小枫连衣服都没换,就首接回床上躺下了。没过多久,永娘端着两碗热腾腾的粥走了进来,笑吟吟地说:“太子妃,婢子做了两碗粥,一碗是甜的银耳羹,一碗是咸的瘦肉粥,您想先喝哪一碗?”
见小枫一言不发,永娘语气更柔和了几分,继续劝道:“婢子喂您喝银耳羹吧,太子妃每次心情不好时都喜欢吃点甜的。”

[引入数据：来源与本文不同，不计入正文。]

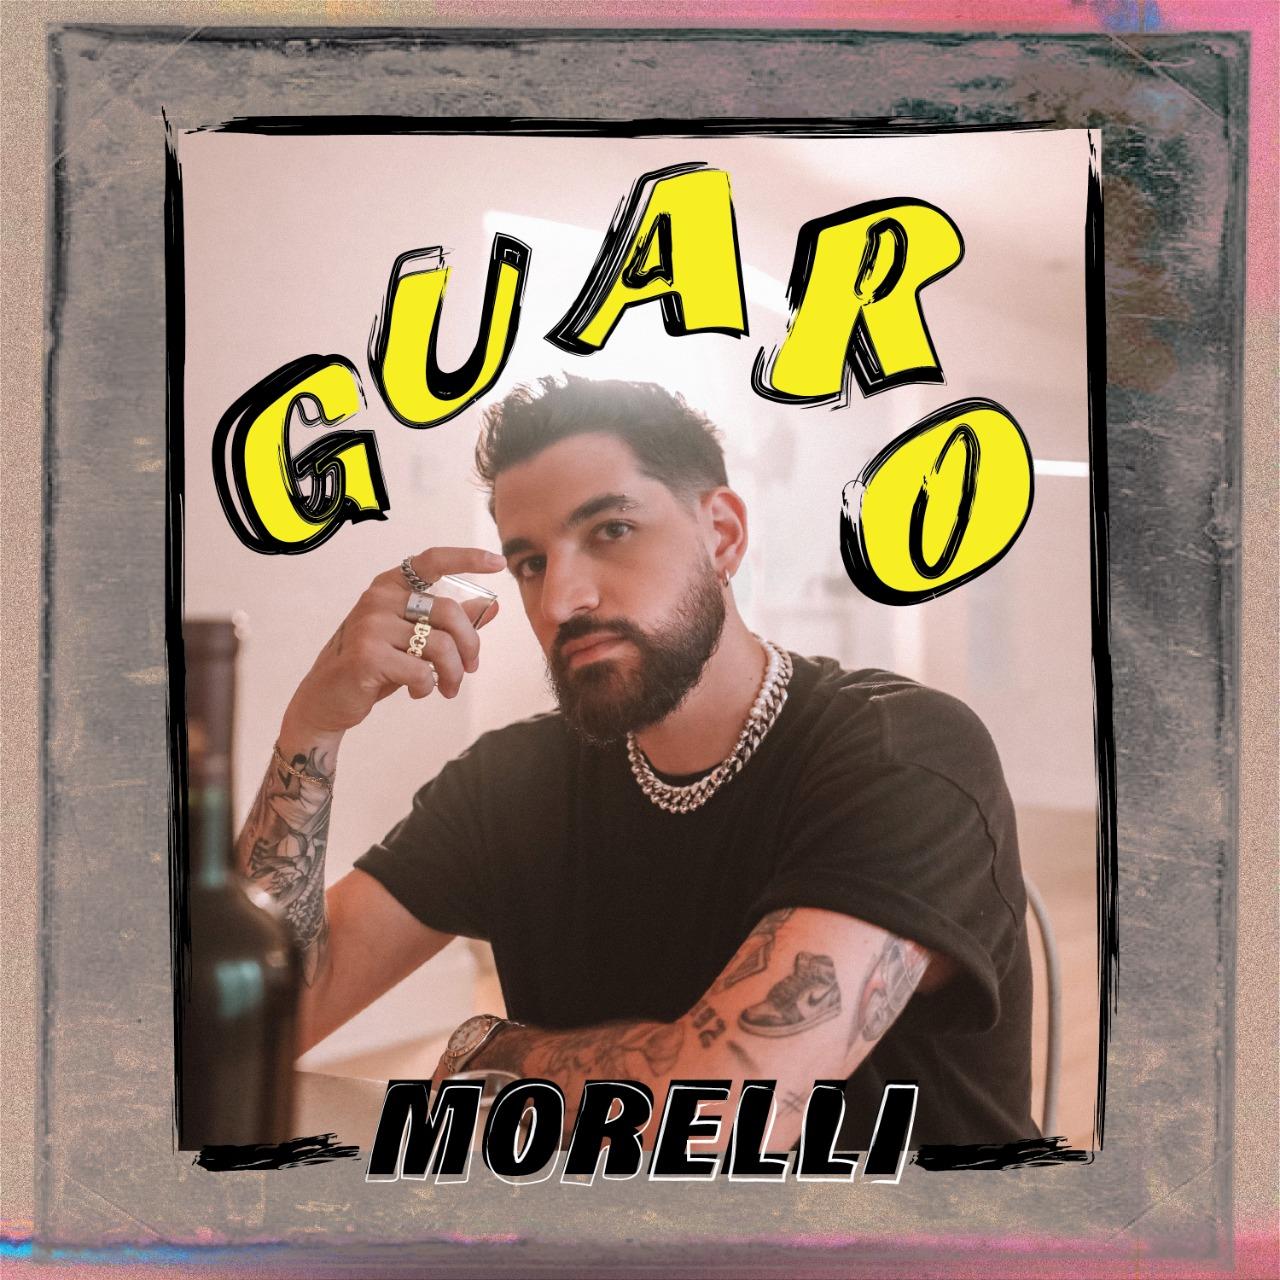 Morelli invita a superar las penas con 'Guaro', su nuevo sencillo

她正要舀起一勺送到小枫嘴边,小枫却忽地坐起身,倔强地说:“谁说我心情不好了?”
永娘怜惜地看了一眼小枫,道:“太子妃,婢子知道,您是在意太子的。”
小枫立刻别开视线,嘴硬道:“我才没有在意他。我就是……就是听说上元节很热闹,可以放天灯、看舞狮子、猜灯谜……我只是觉得,去不了太可惜了。”
她的声音越来越低,像是说给自己听。
永娘识趣地不再多言,轻轻将两碗粥放下,悄悄退了出去。
阿渡这时走了进来,压低声音道:“公主,谁说你去不了的?”
小枫眼睛一亮,急切问道:“阿渡,你有办法?”
阿渡点了点头,拉起小枫便往侧门走去。门口两名侍卫见状上前阻拦,小枫咬牙鼓起勇气说:“我是裴将军的人,你们不能拦我!”
两名侍卫仍面无表情地拦在门前。
这时,阿渡从怀中掏出一块令牌,沉声说道:“羽林军裴校尉有令,派我二人出宫办事,若耽误了,谁担得起责任?”
两位侍卫一看令牌,立刻让开了路。
小枫接过令牌,惊讶地看着上面的字印:“阿渡,你这个假令牌做得也太像了吧!”
阿渡只是笑了笑,没有解释,带着她光明正大地出了宫门。
裴照见李承鄞独自一人从承恩殿走出,不禁疑惑道:“太子殿下,太子妃呢?”
李承鄞面无表情,语气冷淡:“去青鸾殿,让瑟瑟随我一同前往朱雀门。”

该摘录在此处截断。